About this task -
For this exercise, copy exactly only the lines from the one containing "It takes a pair" to the final line of the material below, without the pictures.

Available data Start Marker

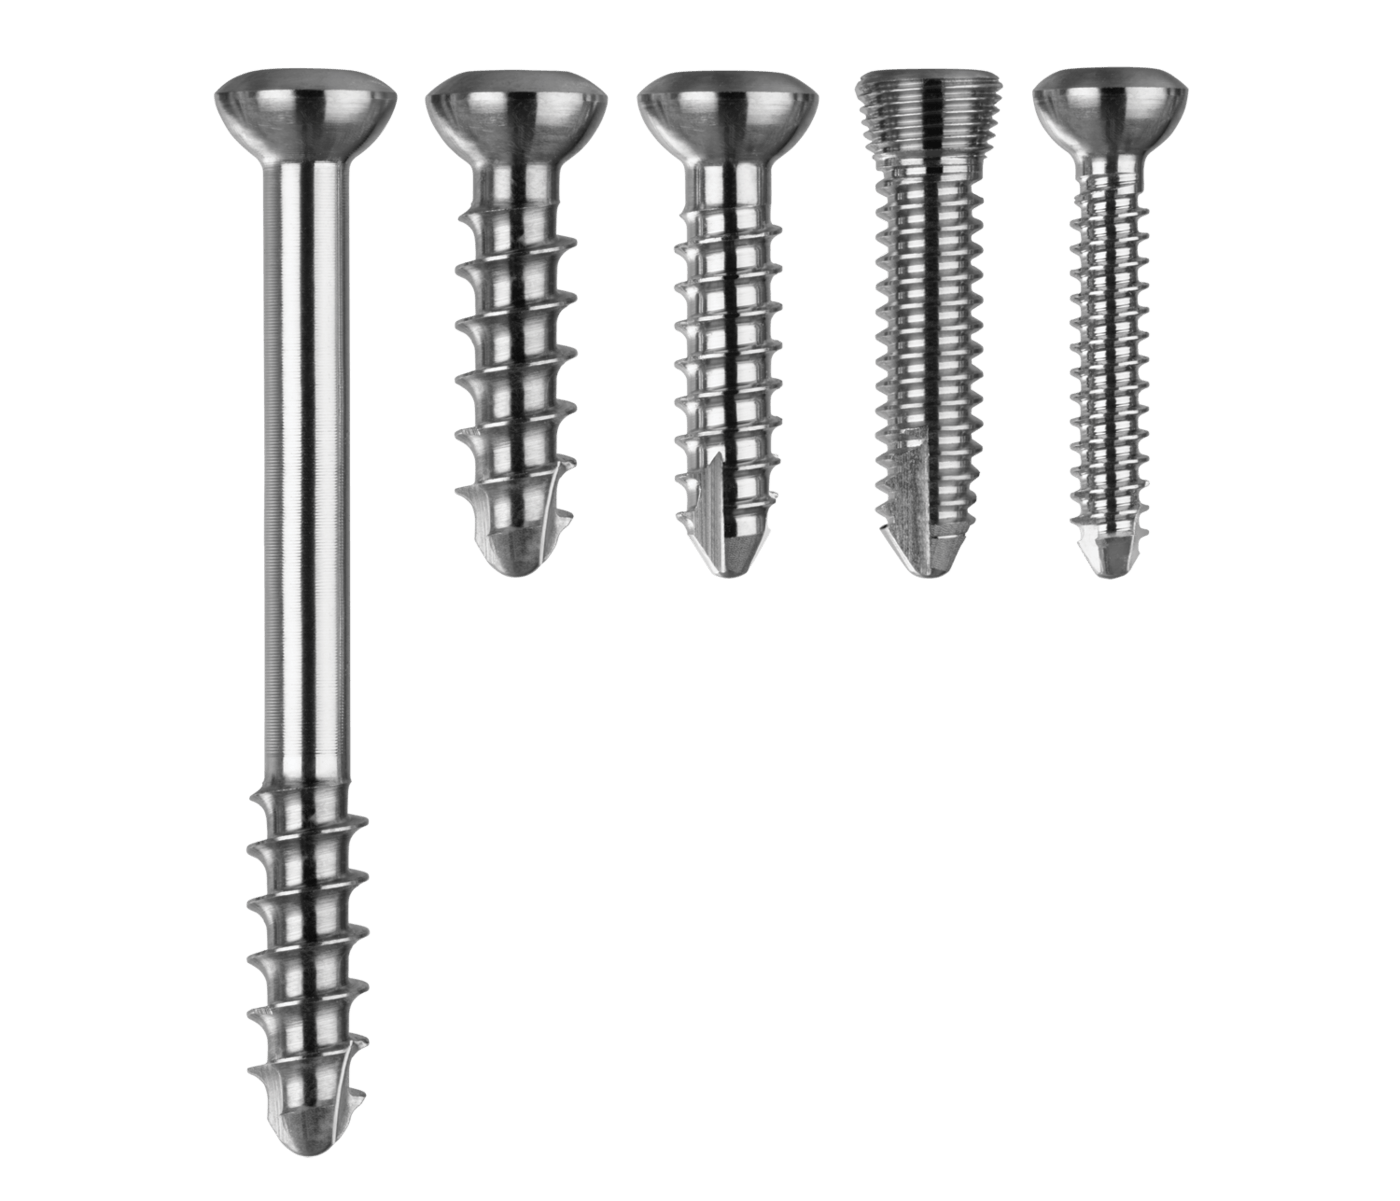 ANTHEM® Small Fragment Fracture System Screws
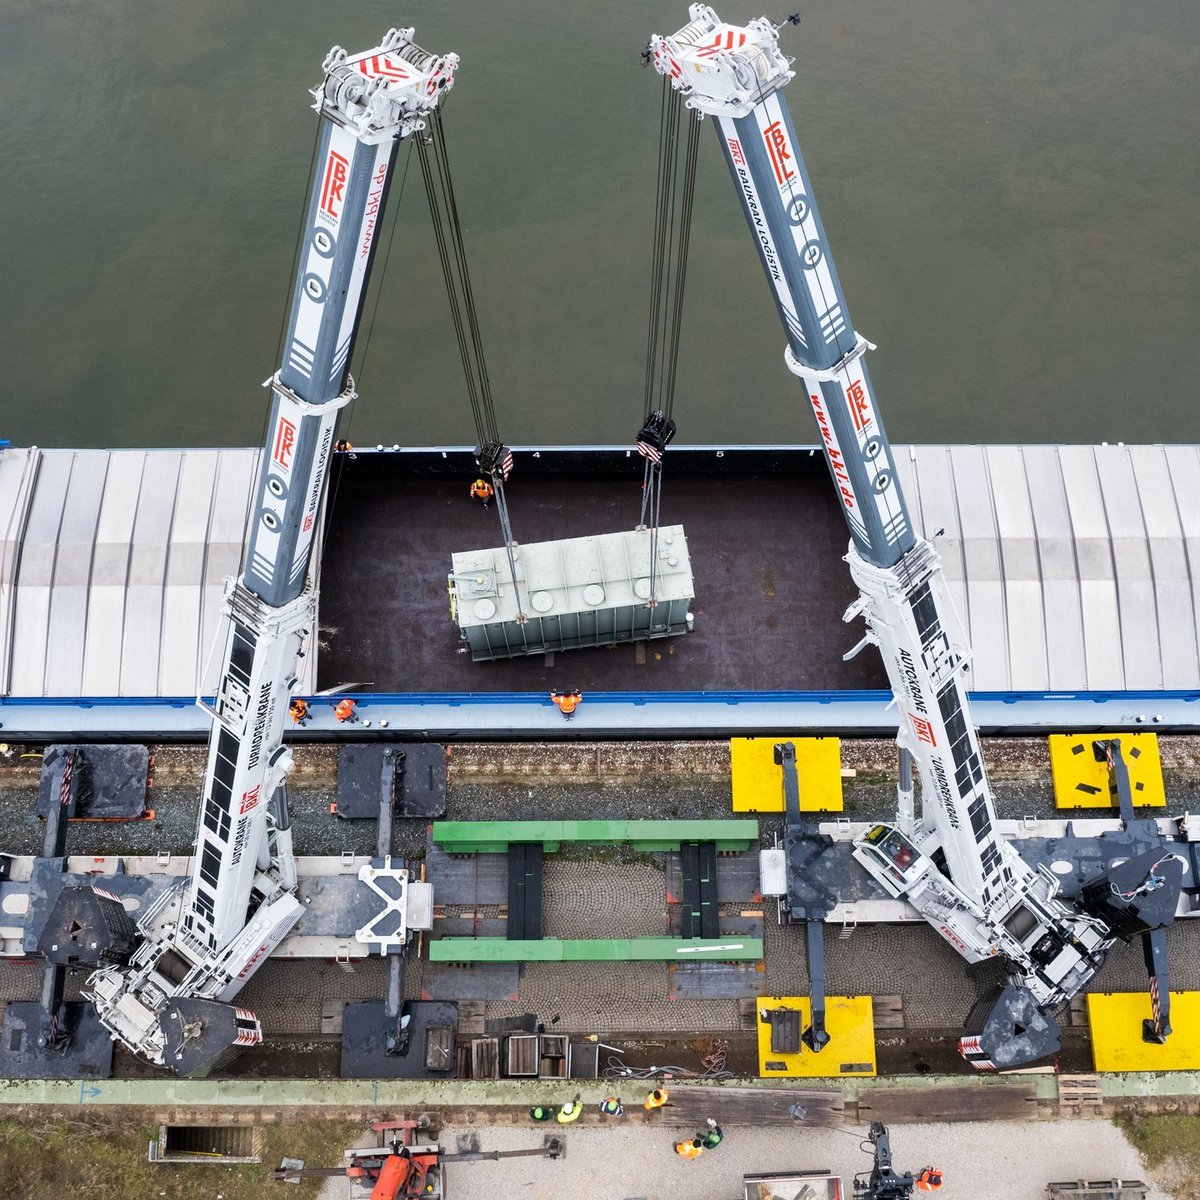 It takes a pair of expert crane operators to pull off a tandem lift like this! This crew is working together to offload this 150-tonne transformer from a barge. 📷 cranepedia #HeavyLifting #Cranes #WireRope #Rigging
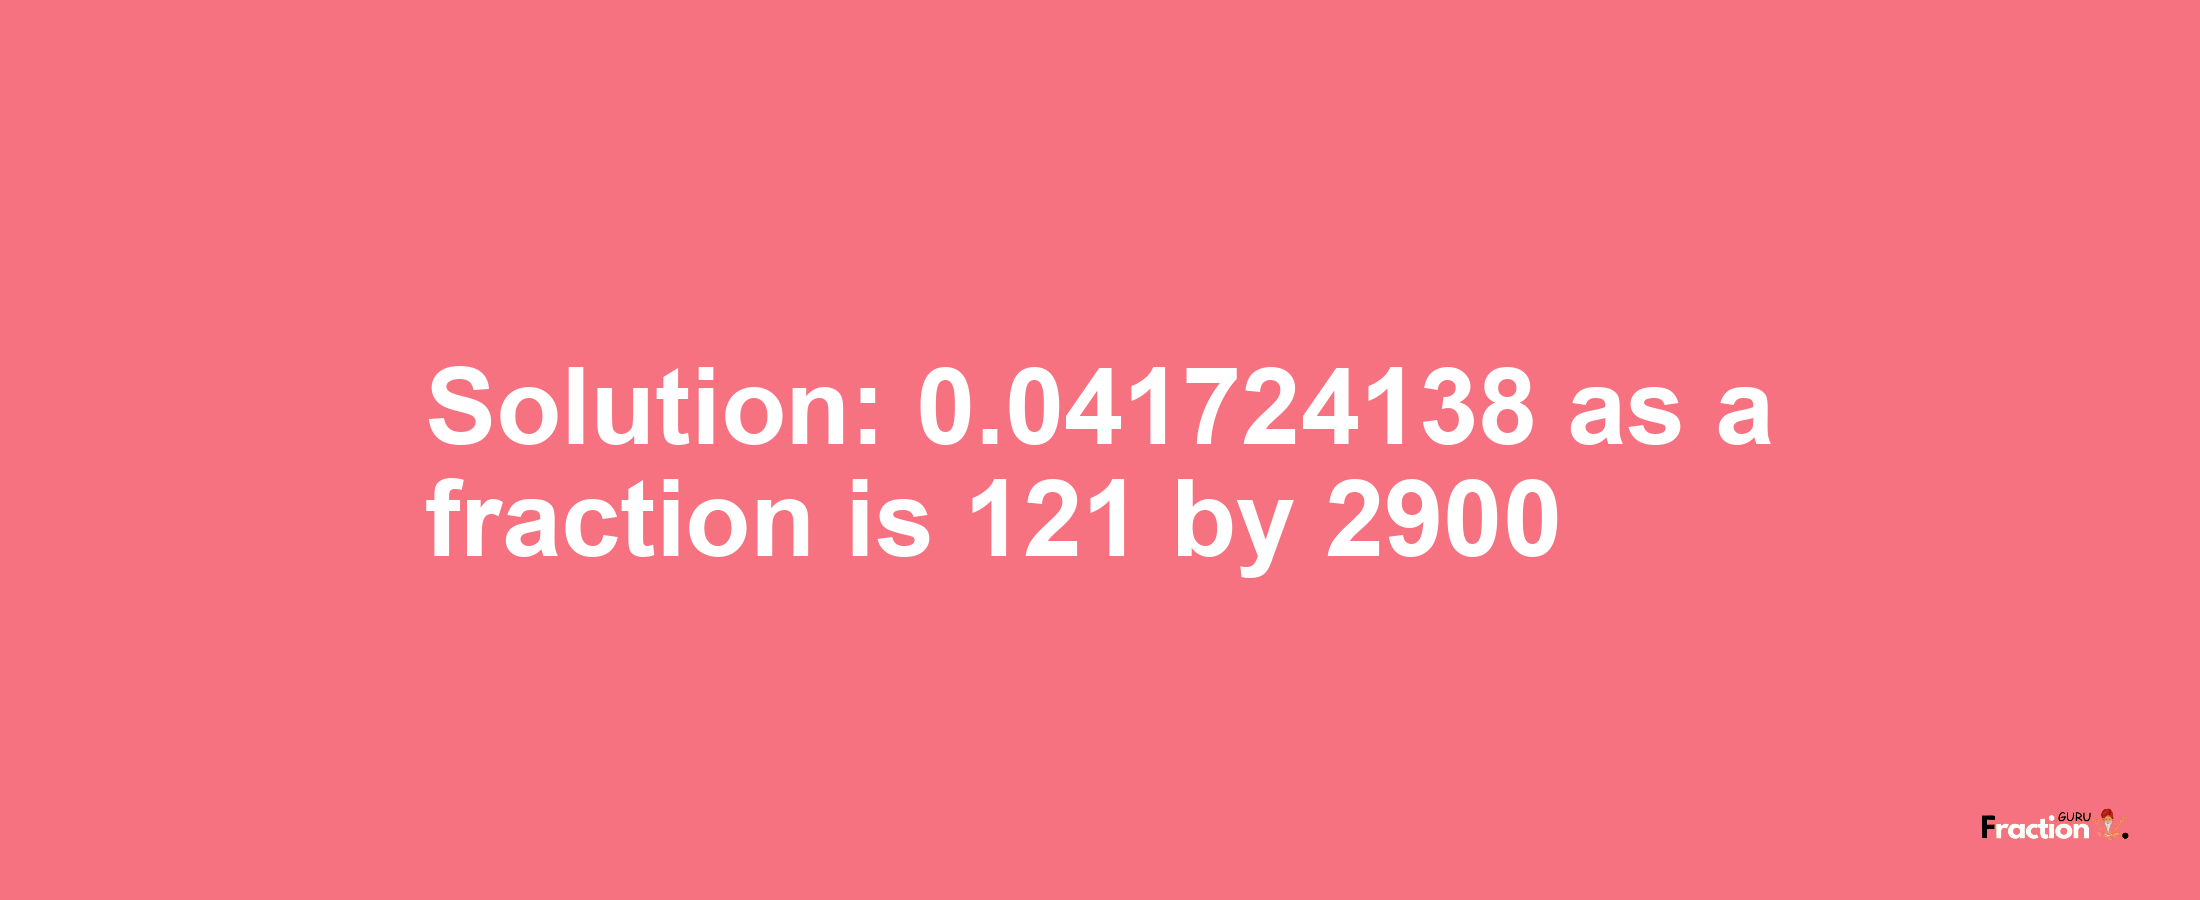 Solution:0.041724138 as a fraction is 121/2900

Available data End Marker

Reply to the exercise -
 It takes a pair of expert crane operators to pull off a tandem lift like this! This crew is working together to offload this 150-tonne transformer from a barge. 📷 cranepedia #HeavyLifting #Cranes #WireRope #Rigging
 Solution:0.041724138 as a fraction is 121/2900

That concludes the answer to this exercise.